Member of the Pennsylvania House of Representatives from the 197th district
- Incumbent
- Assumed office January 2, 2019
- Preceded by: Emilio Vazquez

Personal details
- Born: January 19, 1978 (age 47) New York City, New York, U.S.
- Political party: Democratic

= Danilo Burgos =

American politician (born 1978)

Danilo Burgos (born 19 January 1978) is an American politician serving as a member of the Pennsylvania House of Representatives from the 197th district. Elected in November 2018, he assumed office on January 2, 2019.

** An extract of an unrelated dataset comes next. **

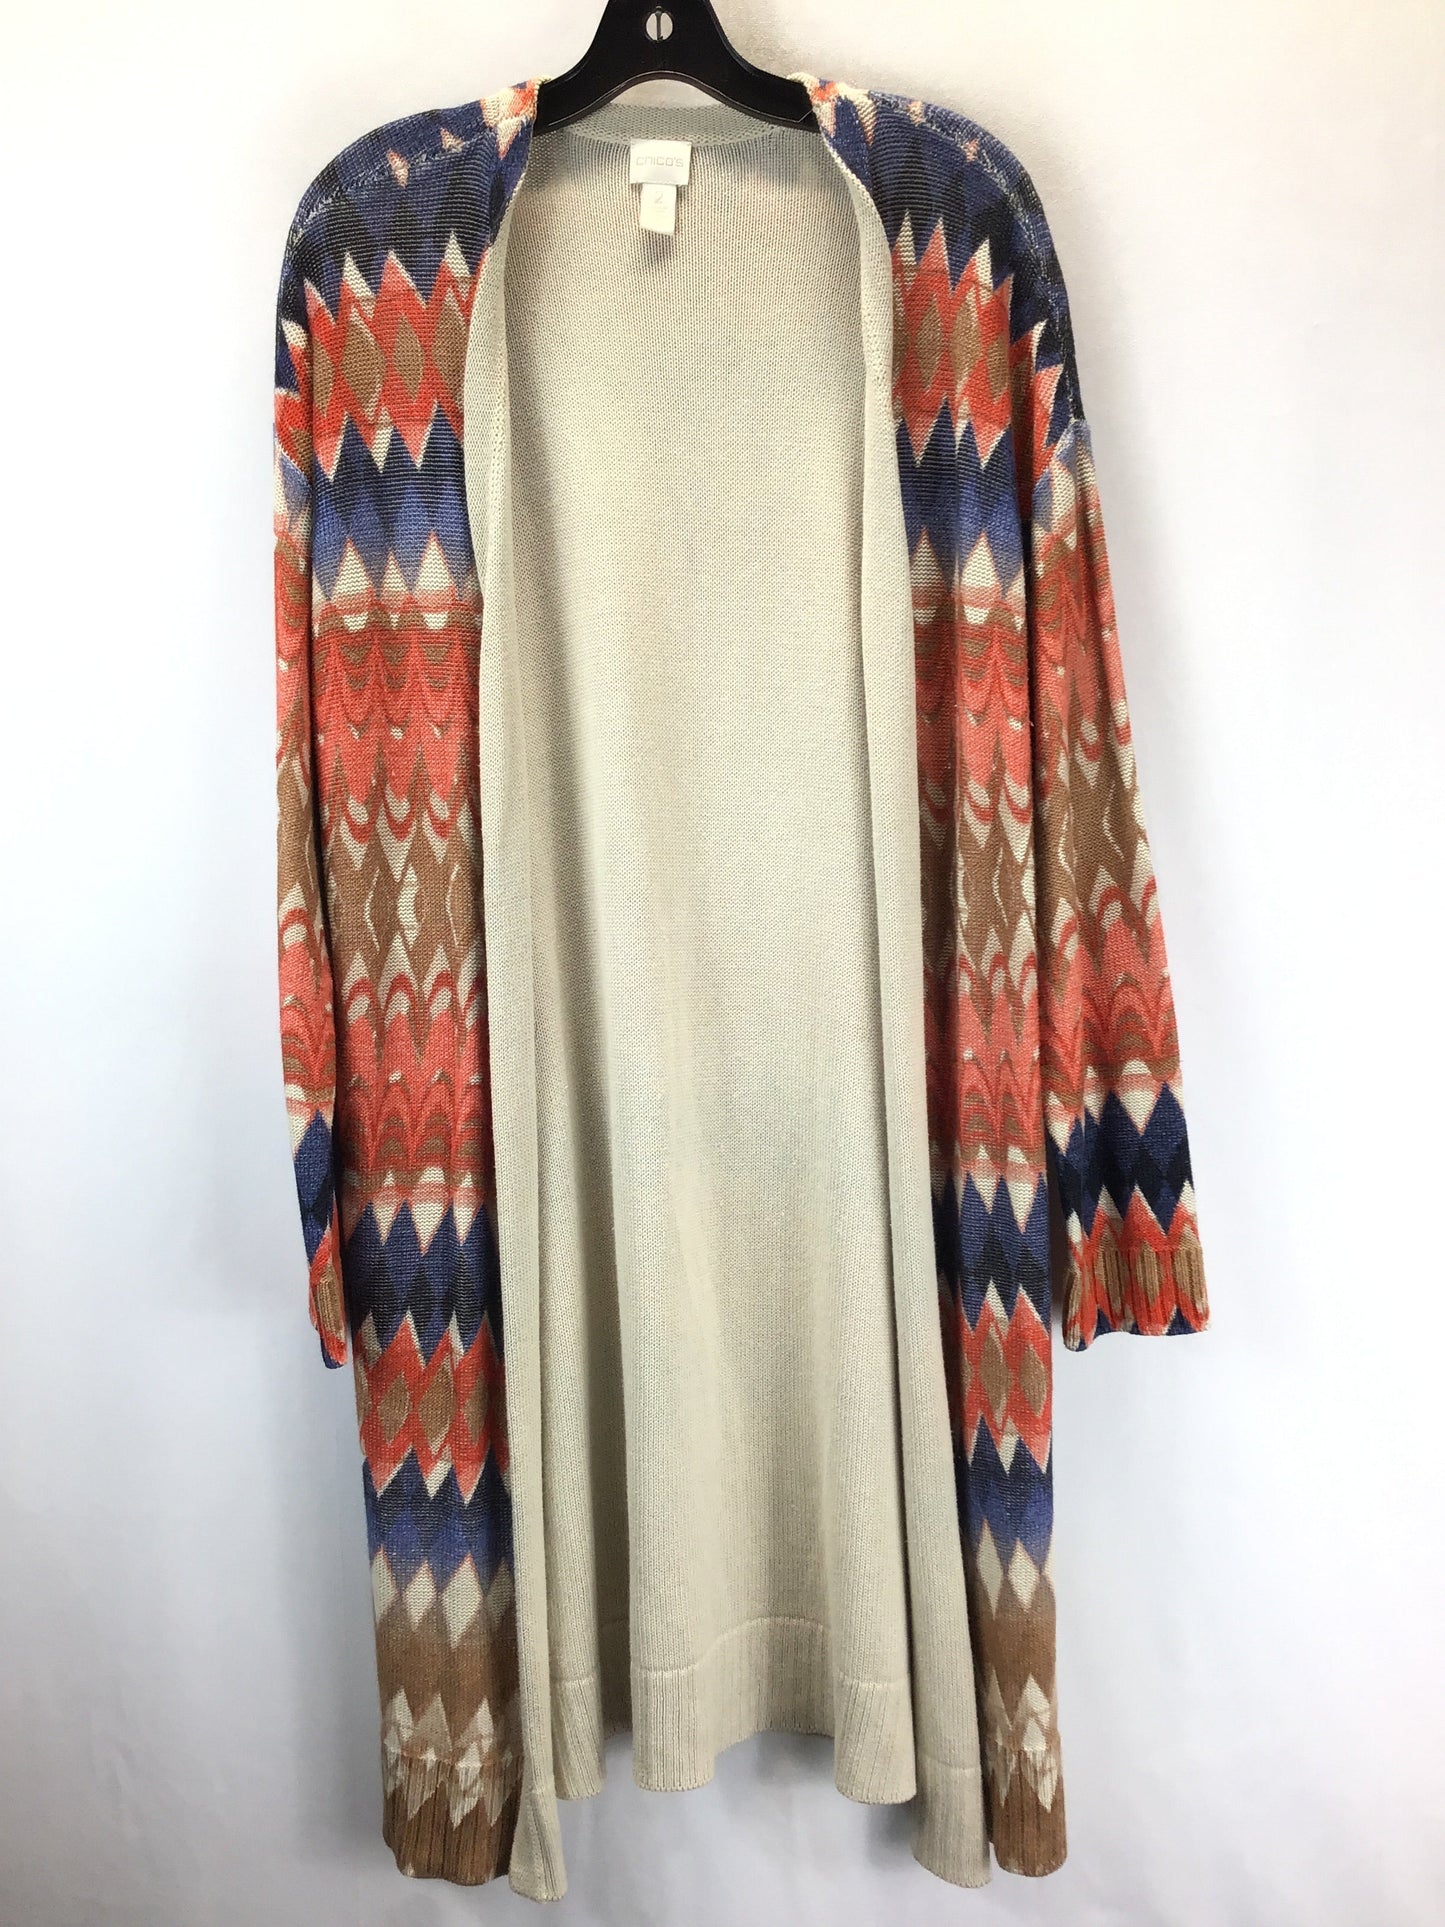 Sweater Cardigan By Chicos  Size: L

== Early life and education ==
Burgos was born in New York City, the son of immigrants from the Dominican Republic. His family moved to Philadelphia when he was 10. Growing up, his family operated a grocery store. Burgos graduated from Olney High School.

== Career ==
Burgos opened a grocery store in 1998 and co-founded the Philadelphia Dominican Grocers Association. He also worked for city councilors Allan Domb and Maria Quiñones-Sánchez. When Burgos assumed office in 2019, he became the first Dominican-American to be elected to the Pennsylvania General Assembly. During the 2019–2020 legislative session, Burgos served as secretary of the House Agriculture & Rural Affairs Committee. During the 2020 presidential election, Burgos was a member of the Joe Biden's Latino Leadership Council.